Thursday, June 16, 2011

Even now, there are faint reminders of the calluses I cultivated from my adventures in golf, each of them a rough, fleshy testament to my particularly violent backswing. But while the battle scars may still be there, my backswing certainly isn’t, nor is my frontswing, my leftswing, or my rightswing. Indeed, any capital I established during my tenure as a terrible golfer has dissipated, leaving me the very embodiment of tabula rasa, with apologies to John Locke. Unless, of course, you enjoyed golf as much as you did philosophizing, Locke, in which case fuck you.

The last time I had any meaningful exposure to the sport was in Augusta–a different job, a different era, and, at the time, what I thought would be a fitting capstone to my dalliance with golf. I mean, even haters aren’t immune to the splendor of the Masters. My own clubs would languish in the hallway closet, never to see sunlight again until, hundreds of years later, archaeologists would unearth the entire set, minus the 3-iron, and marvel over what purpose these misshapen bits of metal could’ve possibly served. Weaponry? Implements of torture? I would tell them yes, yes to both counts.

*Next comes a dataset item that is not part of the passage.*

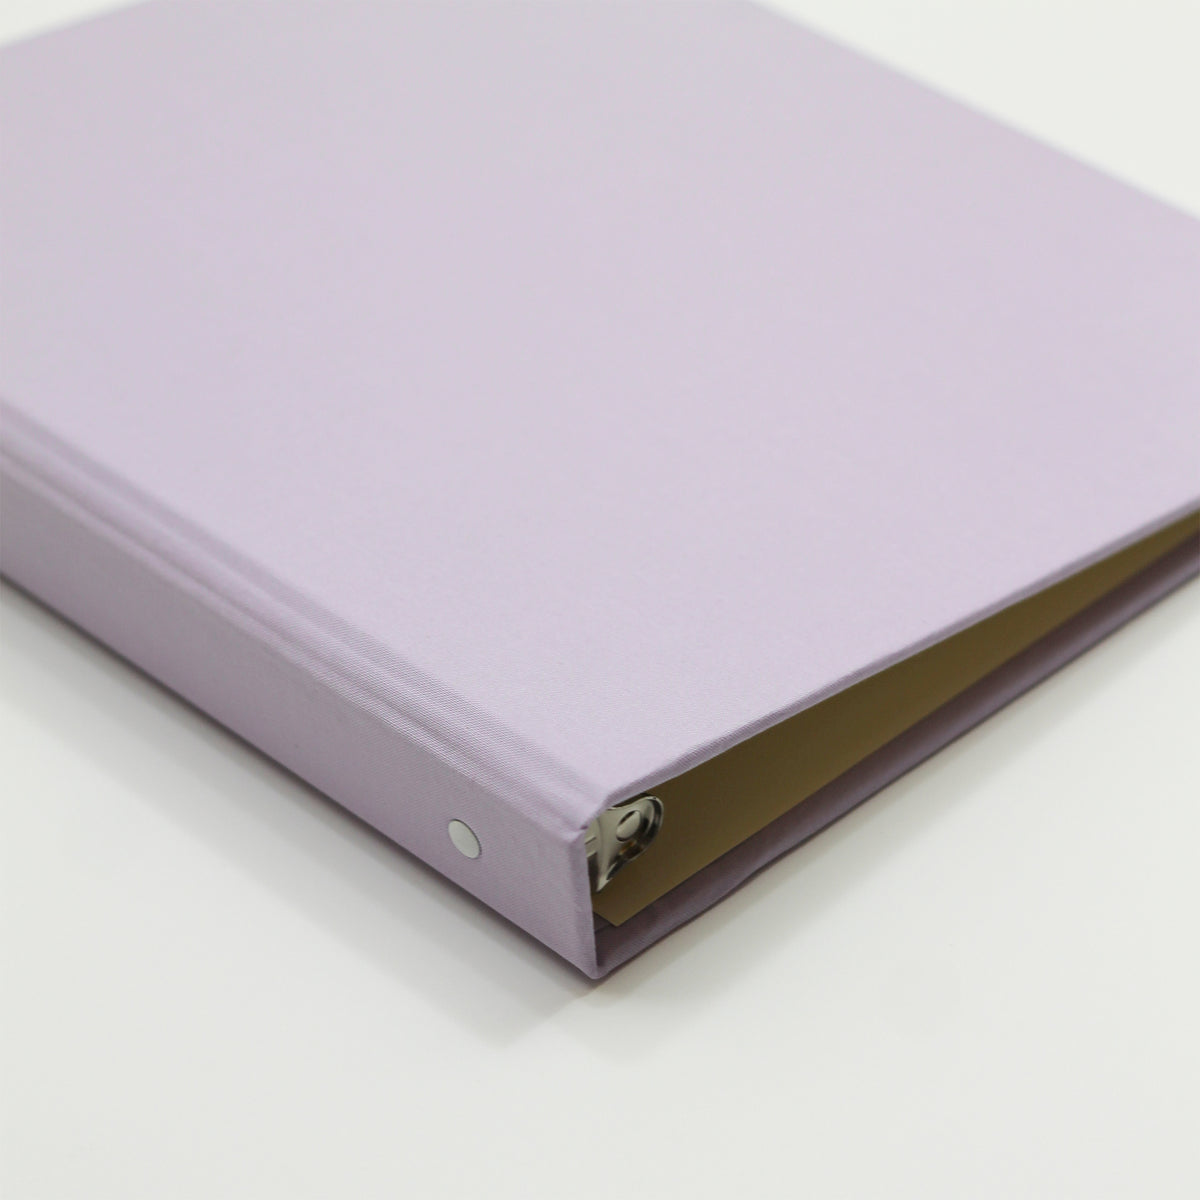 Welcome Binder with Lavender Cotton | Home | Air BNB

It doesn’t look like these clubs will have to wait for centuries, though, because they’re going to see the light of day next week. And I suppose I’ll have to join them at the range, where I’ll be meeting the Professor for the first time in months. Truth be told, I’ve been secretly thinking about getting back into the game for a while now. It’s a skill that continues to be notably absent from my corporate toolkit, but as much as I’d like to fill that gap, the road to proficiency is painful. The plan is to approach golf from a different, calmer angle. No more violent backswings. The way I see it, I’m not going to invest time or money in a postgraduate degree, which frees up two years and a small fortune to pool into a wholly different kind of education. Let us call it a cross-disciplinary competency in walking a lot, swinging at shit, and anger management.